Estonian curler (born 1984)

Heili Grossmann (born 23 November 1984 in Tartu) is an Estonian curler from Tallinn, Estonia. She currently plays lead on the Estonian women's curling team skipped by Liisa Turmann.

==Career==
Grossmann competed in her first international event at the 2017 European Curling Championships where she served as alternate for the Marie Turmann rink. There, the team won the bronze medal in the B Division. Grossmann joined the Turmann team the following season as their second. Team Turmann had won the 2018 Estonian Women's Curling Championship, qualifying the team to represent Estonia at the 2018 European Curling Championships At the 2018 Euros, the team finished second in the B Division, losing in the final to Norway's Kristin Skaslien. This qualified Estonia for the 2019 World Qualification Event for a chance to make it to the 2019 World Women's Curling Championship. Grossmann did not compete at the qualification event, as she was replaced by Triin Madisson. In 2019, the team won their first World Curling Tour event at the Tallinn Ladies International Challenger.

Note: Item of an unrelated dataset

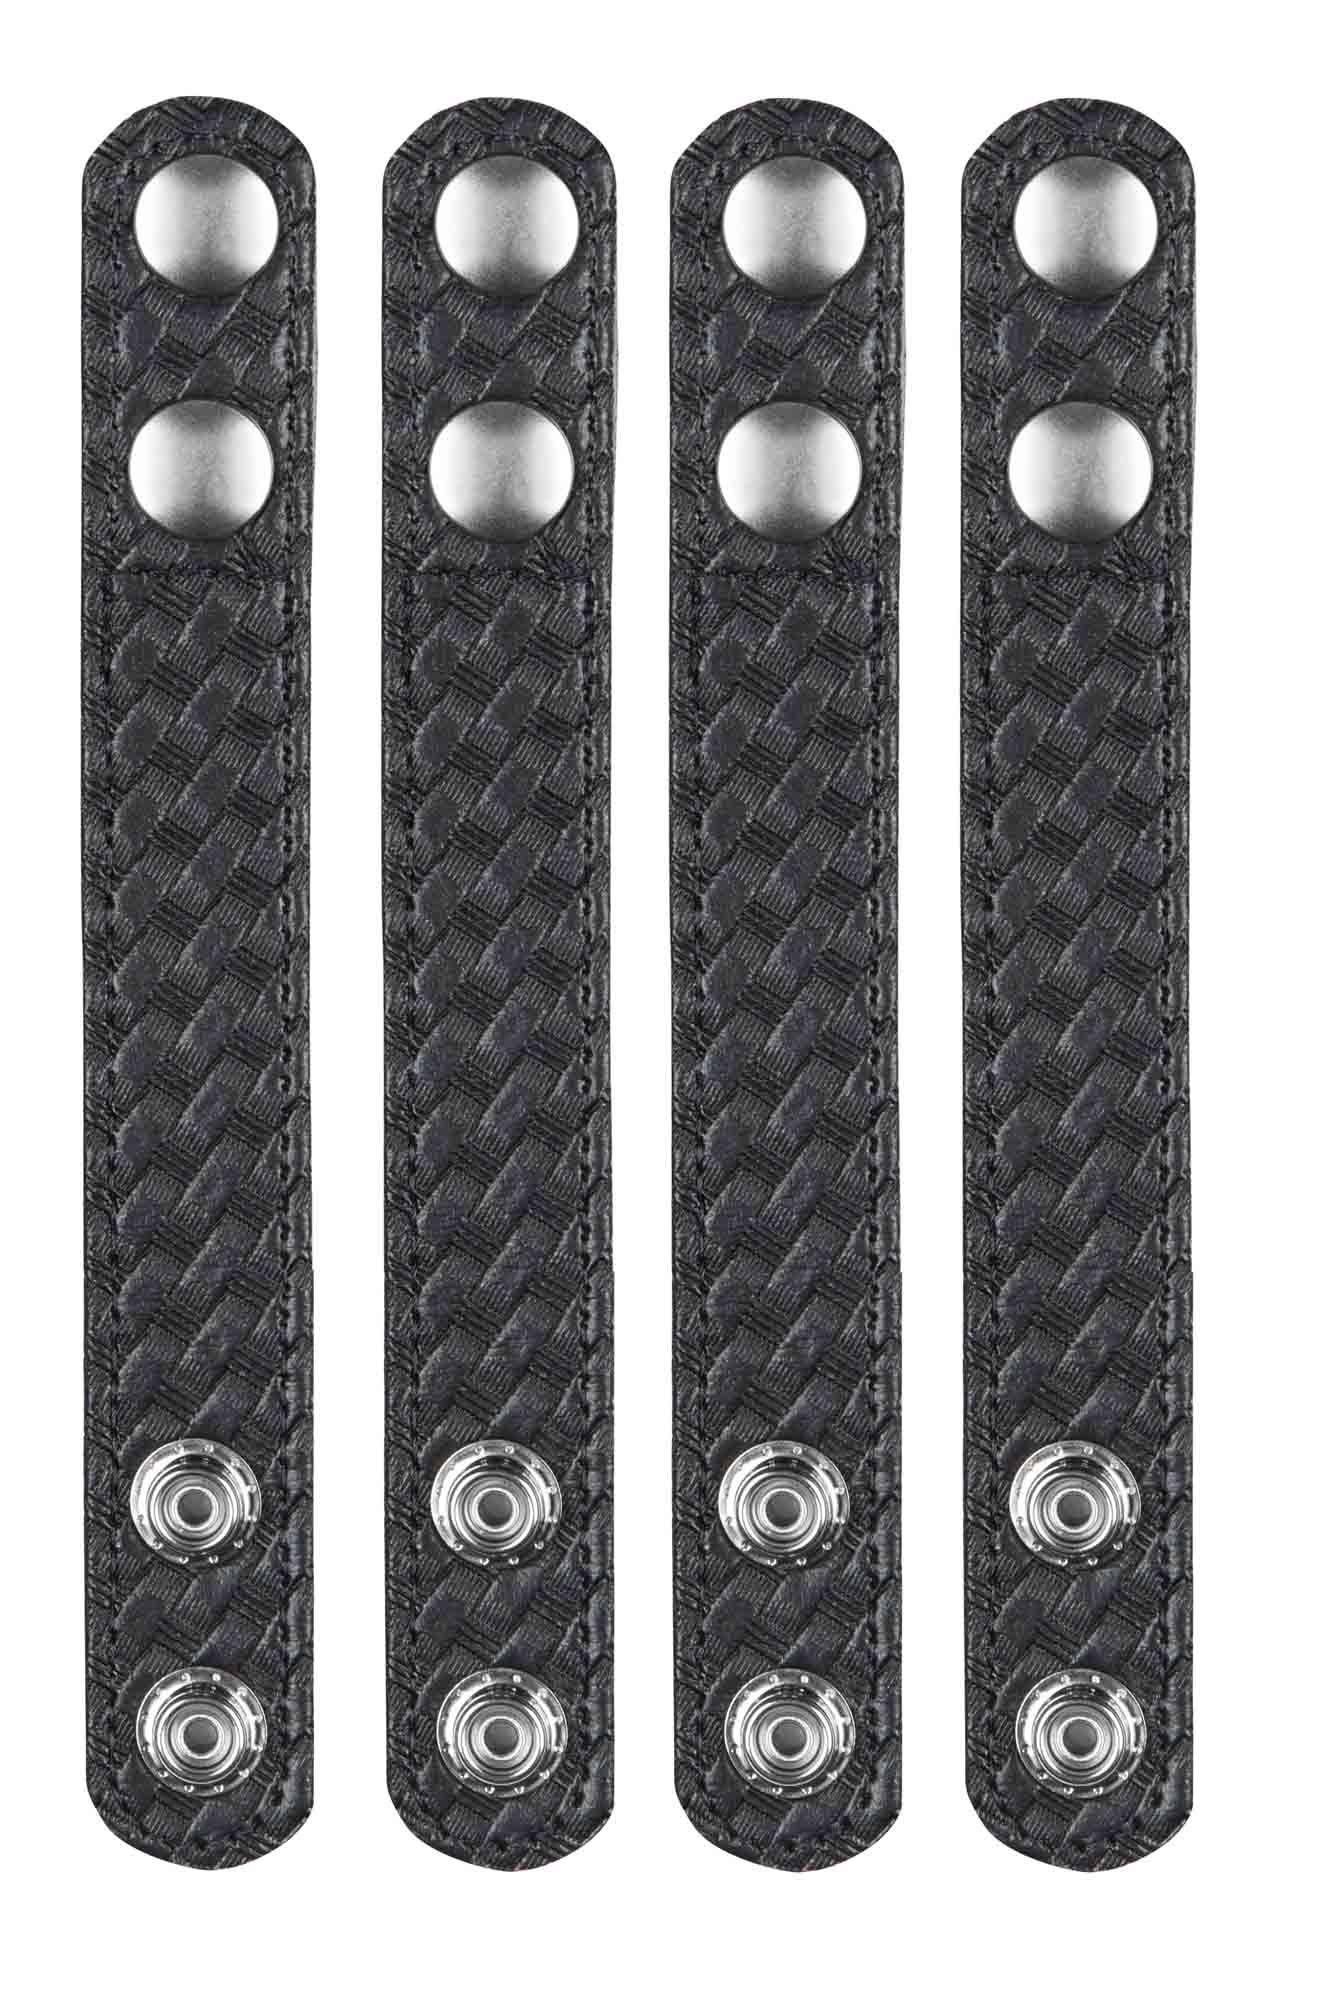 "Black 4 Pack Bianchi Accumold 1/"" Belt Keepers w// Black Snap Closure"

A few weeks later, the team once again represented Estonia at the 2019 European Curling Championships where they got to compete in the A Division. They finished with a 2–7 record, which qualified them once again for the 2020 World Qualification Event. There, they just missed the playoffs with a 4–3 record. The team won two more national championships in 2020 and 2021.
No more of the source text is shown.